The whole trick: the agent loop
Strip away the streaming, the permission gate, and the UI, and the heartbeat of the whole thing is this:
conversation.append({"role": "user", "content": user_input})
while True: # keep going until the model stops asking for tools
turn = llm.call(conversation, tools=TOOL_SCHEMAS, system=SYSTEM_PROMPT)
conversation.append(turn.to_message())
if not turn.tool_calls: # plain text → the model is done
break
for call in turn.tool_calls: # otherwise, run each tool it asked for…
result = run_tool(call.name, call.args)
conversation.append({
"role": "tool", "id": call.id,
"name": call.name, "content": result,
})
# …then loop, so the model sees the results and decides what's next
That's it. That's the agent.
- You type a request in plain English.
- Send the conversation + the list of tools to the LLM.

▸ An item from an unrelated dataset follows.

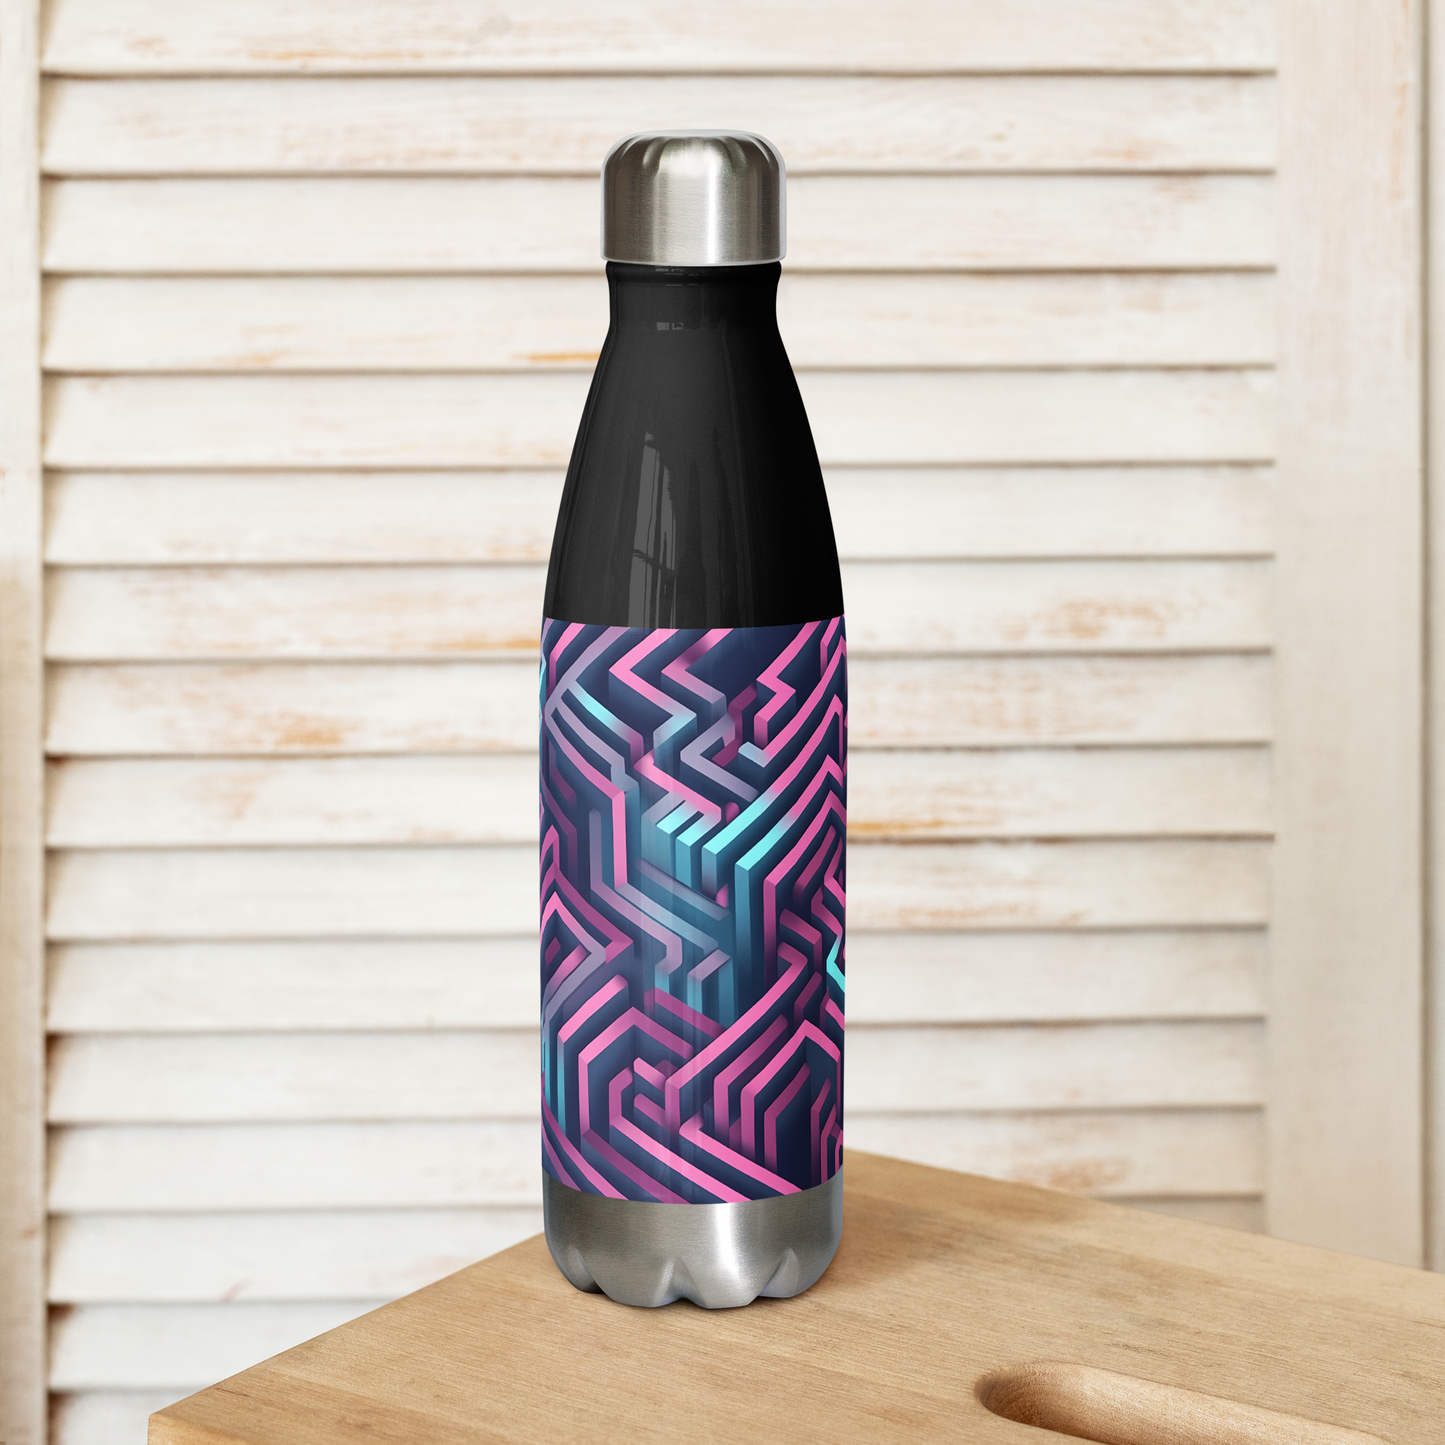 3D Maze Illusion | 3D Patterns | Stainless Steel Water Bottle - #4

- The model replies with either text (talk to you) or a tool call ("read
main.py", "runpytest"). - If it's a tool call: run it, append the result to the conversation, loop back to step 2.
- If it's text: show it, wait for your next turn.
The model decides which tool and in what order; the loop just keeps turning until the model stops asking.
An agent is just an LLM, a loop, and some tools. Everything else in this repo is refinement on top of those three.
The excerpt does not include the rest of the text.